I'm done. If you don't feel like explaining yourself, I certainly won't harass you by pushing the issue.
 

Dr. Strangemonkey said:
I really disagree with your analysis here:

1.) If this is a functional value for narrative then printed books also fail at conveying narrative. Alice is always falling down the rabitt hole, Jack is always chopping the bean stalk, and Frodo is always fat and slightly bored in the shire.

We're talking about a narrative, not the state of things at any point of the narrative. Let me clarify.

Frodo gets the ring. Frodo leaves the shire. Frodo goes to Gondor. Etc. Whereas in an MMO it might be more like, Frodo leaves the shire. Frodo leaves the shire. Frodo and Frodo got to Gondor and run a mission. The XP is good, so they run it again. Later, they meet Frodo, who has just left the Shire with the ring. That's not narrative.

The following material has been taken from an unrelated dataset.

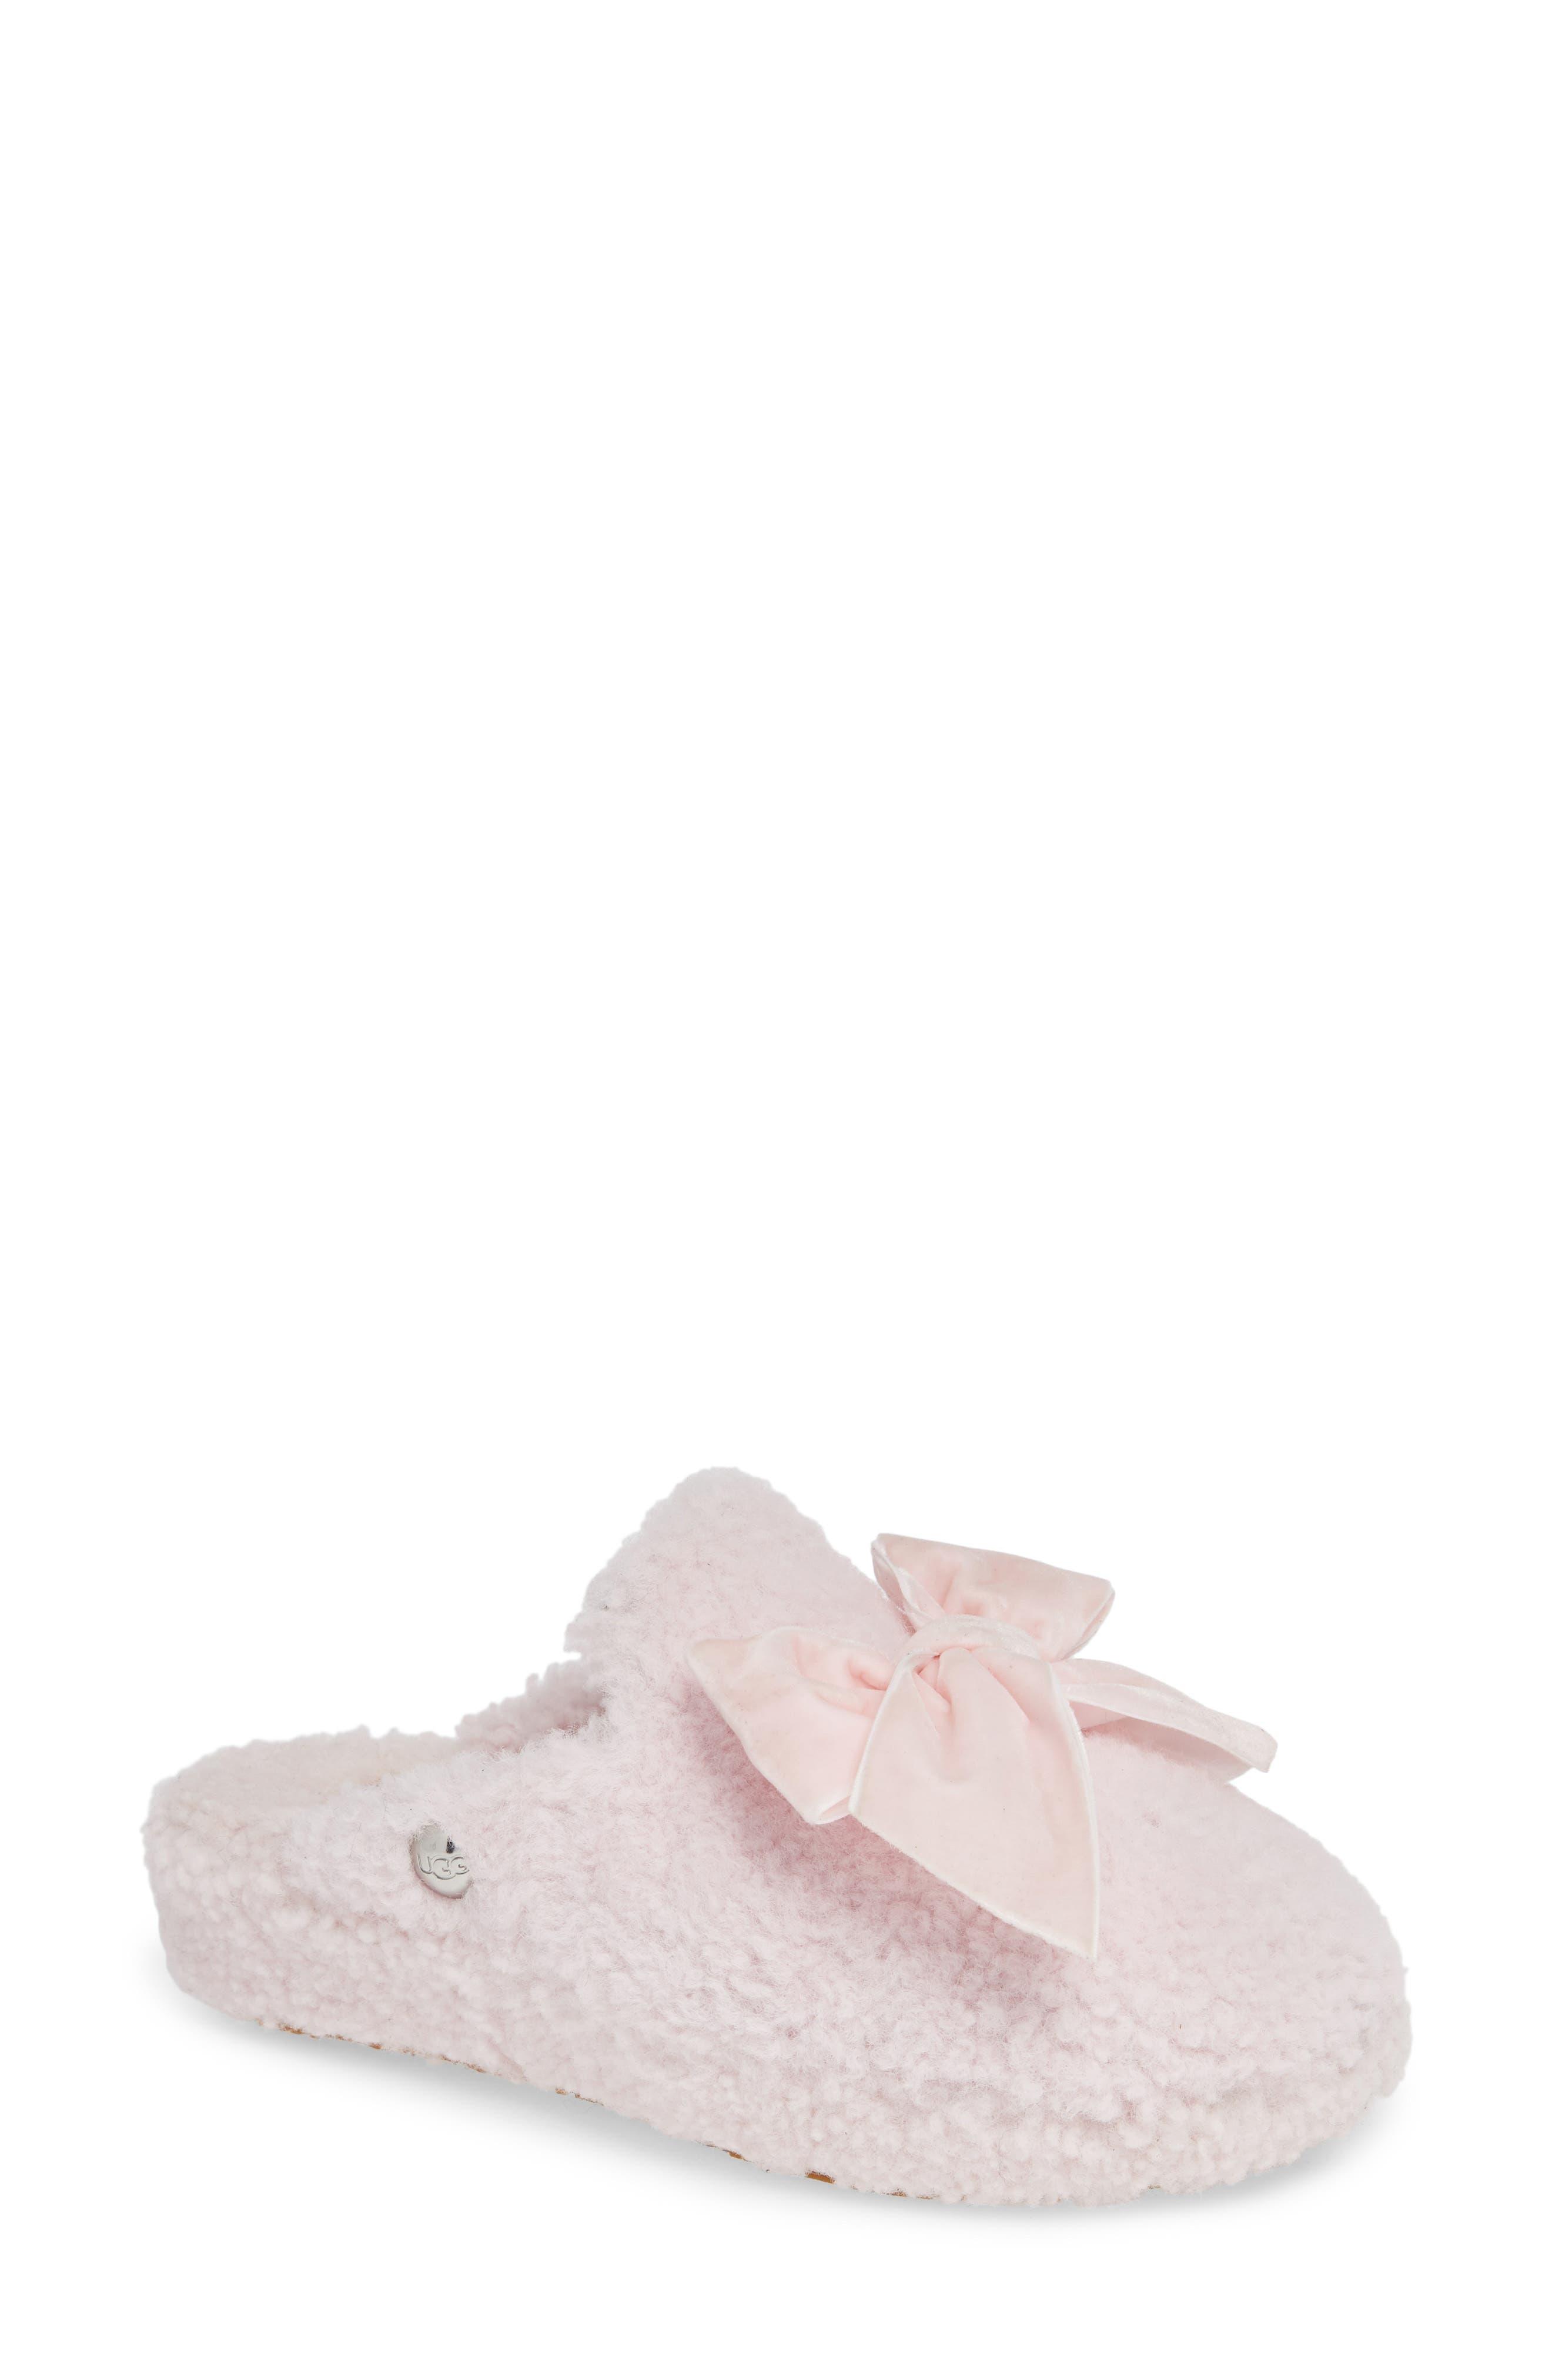 Addison Velvet-Bow Curly Sheepskin Slippers in Seashell Pink

Narration is a series of logically connected events. MMOs typically lack continuity.

2.) There are differences in tolerance, but the function is still the same. Further some of your claims here don't work on face value. Of course there's collaboration and feedback. A computer game will stop working if you stop feeding it data and interacting with it. RPGs more so than others.

"I stop working" is not collaboration. Ask any corporate mediator or industrial psychologist. A CRPG's only response to error is to give up.

A human player, however, can recover from any error.


4.) By the definition you give there is no sensible way to interpret CRPGs as failing. The immersive framework functions as the limitation of possible actions in both mediums. The tolerances are different in both scope and value, but in neither my MilSF CRPG nor my MilSF TRPG can your character move the adventure forward by suddenly deciding to turn into a dragon and burninate the city.

"Within the immersive framework." Rule one precludes characters from turning into dragons unless that is part of the story. Here's an example that illustrates what I mean.

"I turn my pistol on my head and pull the trigger."

Easily resolved in a TRPG, although there may not be specific provisions for this action. Generally impossible in a MMO, shooter, console game, or CRPG.
 

Social constraints take the place of silicon constraints. A player who insists on self-destructive behaviour for his PC is likely to piss off the other players, and get booted (assuming the group doesn't suffer from the geek social fallacies). That's your "I stop working".
 

pawsplay said:
At that point, they won't be in the same genre. You can teach an AI to run a traditional RPG, but putting an AI in charge of a MMO gets you... nothing. If you posit a CRPG full of intelligent objects, that's a whole different game.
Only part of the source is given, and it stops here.